Our in-house prototyping capabilities enable us to swiftly produce and evaluate physical models. This thorough vetting of design iterations ensures that each stage is meticulously reviewed before advancing to the next phase.

Building prototypes for Verification & Validation and Clinical Trials

When you need a pilot prototype for verification and validation (V&V), pre-clinical, or clinical trials, StarFish Medical has the expertise and facilities to support you.
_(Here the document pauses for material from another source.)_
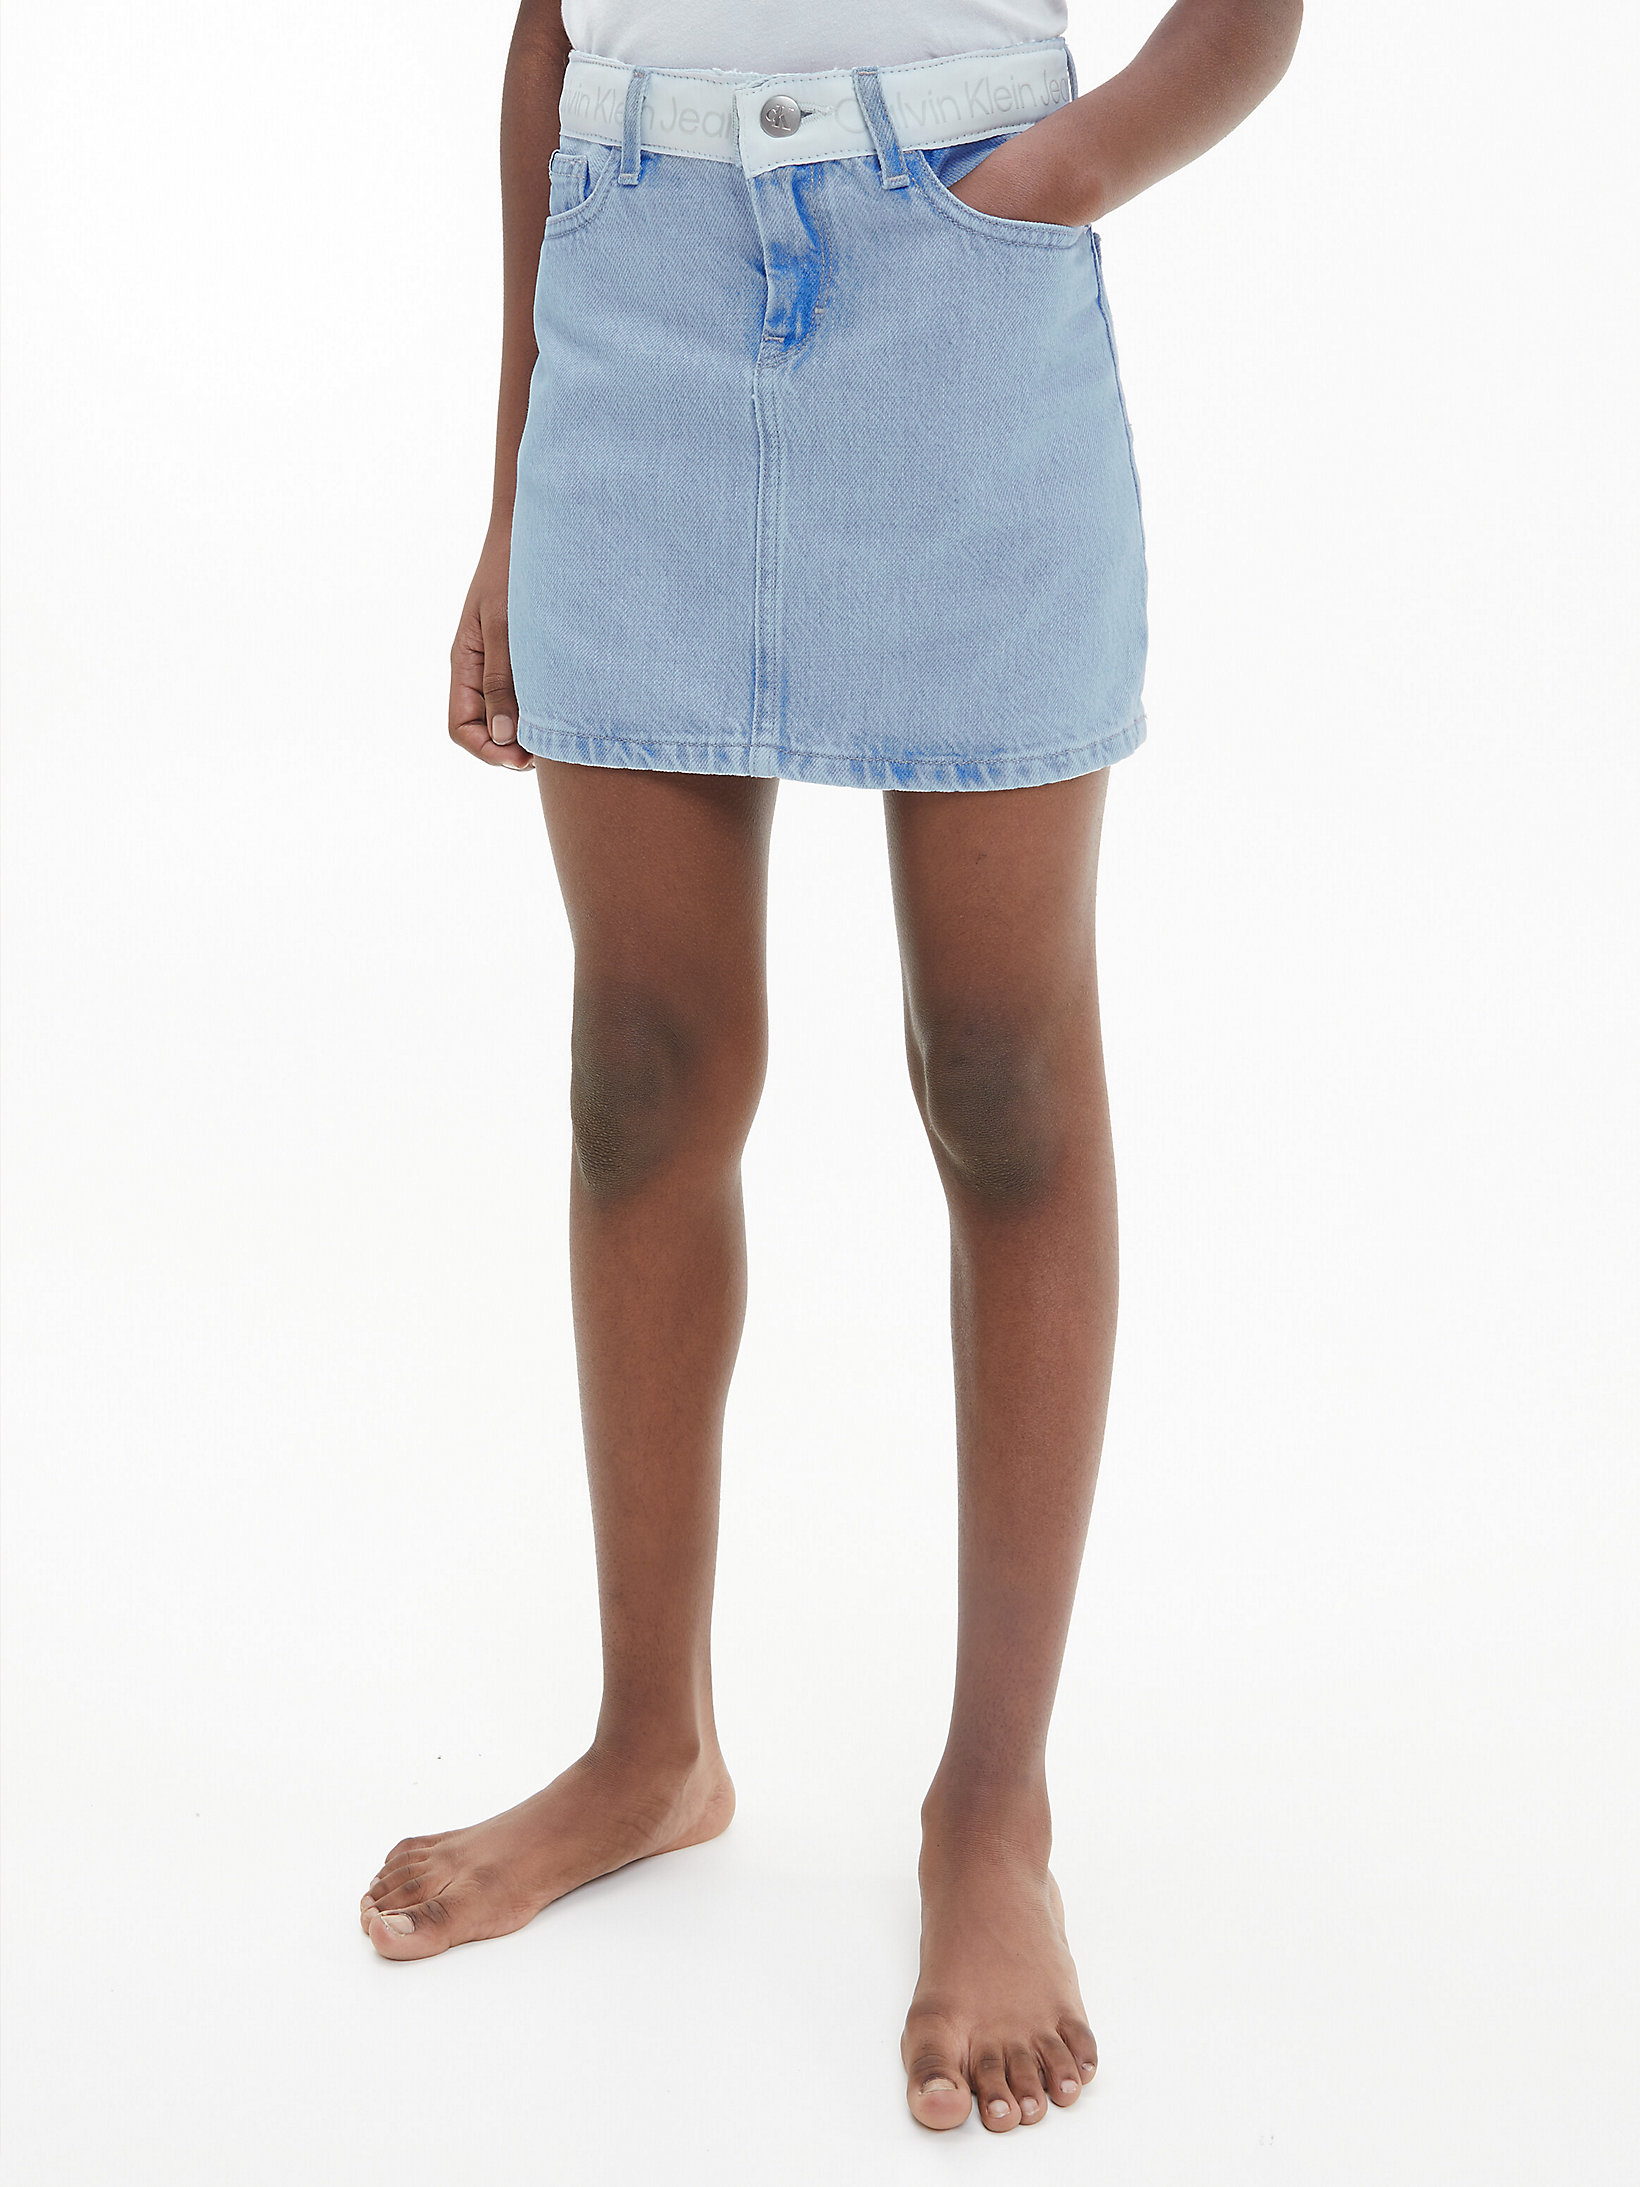 Bright Blue Denim Skirt undefined girls Calvin Klein
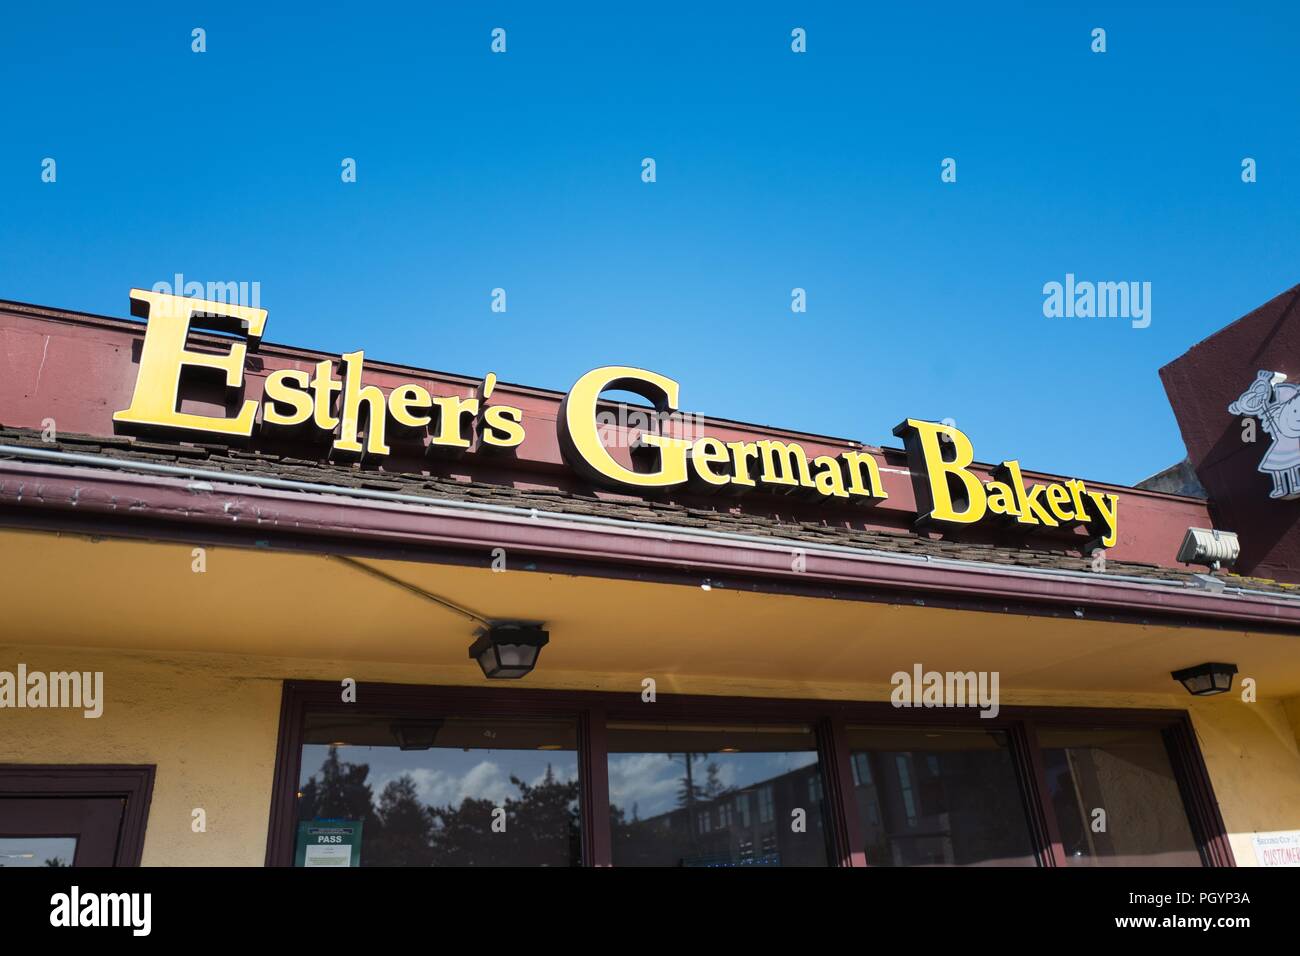 Zeichen auf der Fassade von Esther's German Bakery, einem deutschen Restaurant und Bäckerei, die unter Technik Arbeitnehmer ist populär und ist für Sein ein Liebling der Facebook Gründer Mark Zuckerberg bekannt, im Silicon Valley, Los Altos, Kalifornien, 30. Mai 2018. () Stockfoto

Our dedicated new product introduction (NPI) and manufacturing teams build prototypes in our class 10,000 cleanrooms (when required), ensuring seamless production without the need to transfer to another manufacturing partner. This streamlined approach minimizes transitions, reduces risk, and provides you with greater control over the initial product builds, bringing your innovative solutions to life with precision and efficiency.

Strategic Regulatory Support

Successfully bringing a medical device to market requires a clear regulatory roadmap and compliant systems, processes, and documentation. Our quality assurance and regulatory affairs (QA/RA) experts offer invaluable guidance throughout the development process. With decades of experience working with regulatory bodies worldwide, our QA/RA team assists with everything from regulatory strategy to submission package preparation, ensuring your product meets all necessary standards and requirements.

Manufacturing and Technology Transfer

Minimize manufacturing risks with a seamless transition from prototype to full-scale production. We collaborate closely with you and our manufacturing partners to ensure a smooth technology transfer. Throughout all design and development stages, we leverage project management best practices to uphold the highest quality standards and optimize production efficiency.

Project and Program Management

To enhance efficiency and accelerate time to market, every StarFish client is assigned dedicated project and program managers. Utilizing proven agile processes and a rigorous quality management system (QMS), we ensure your program stays on track and aligned with both internal and external milestones.